6.3.1 - 3 node cluster

This setup sets up one replica since we have enough nodes to be able to use replicas without affecting performance too much. For all three nodes the configuration should look like this:

numberOfReplicas=1
numberOfShards=5
monthlyIndex.numberOfReplicas=1
monthlyIndex.numberOfShards=5

6.4 Clustering on Amazon Web Service

One critical thing when setting up ElasticSearch clusters on EC2 is the value of network.host in <elasticsearch-install-dir>/config/elasticsearch.yml. The trick is to use the VPN/internal IP as network host (For instance, network.host: _eth0:ipv4_" - see https://www.elastic.co/guide/en/elasticsearch/reference/1.6/modules-network.html) to be sure to get the right IP if it’s dynamic and the public IP in the unicast discovery. The default value "192.168.0.1" doesn’t work on AWS.

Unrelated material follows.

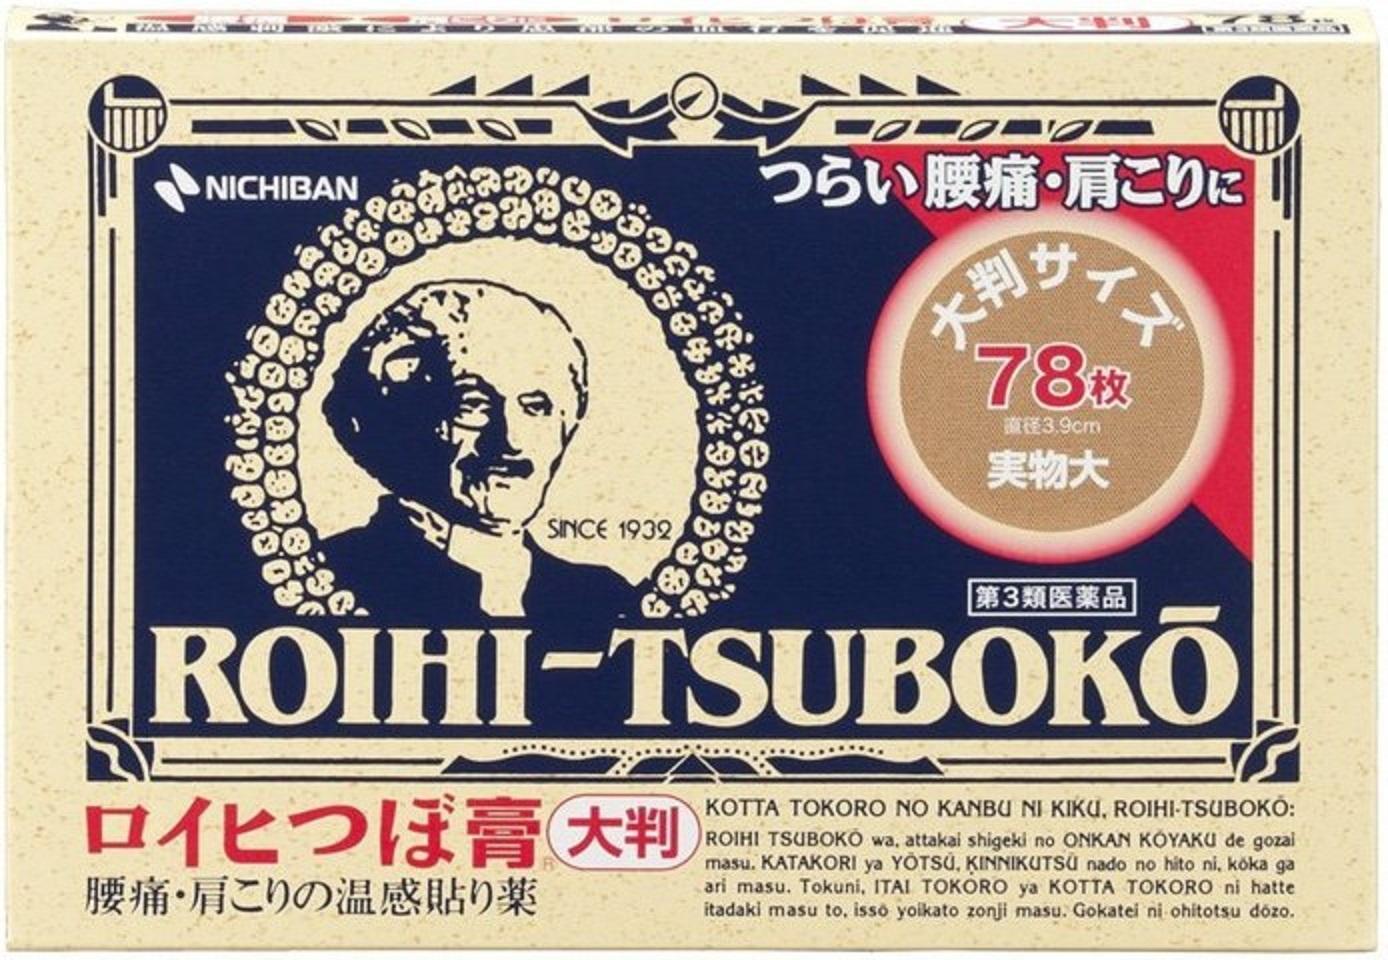 Dán Huyệt Đạo Roihi Tsuboko 78 miếng - Nóng nhập khẩu

6.5 Validating the cluster installation

6.5.1 ElasticSearch cluster validation

First, make sure you check all the logs of all the ElasticSearch cluster nodes and that there are no errors, especially errors or warnings about node to node communication. If you see any messages about trouble finding master (see troubleshooting section below), there is probably a problem with the installation.

You can then check the status of the ElasticSearch cluster by accessing the following URL:

http://ES_NODE_IP_ADDRESS:9200/_cat/health?v

You should see a green status. If not, check your installation because something is not set up correctly.

6.5.2 Apache Unomi cluster validation

First, check the logs in the data/logs directory and make sure there are no errors. If you find any errors, you should check your setup and fix any problems before going any further.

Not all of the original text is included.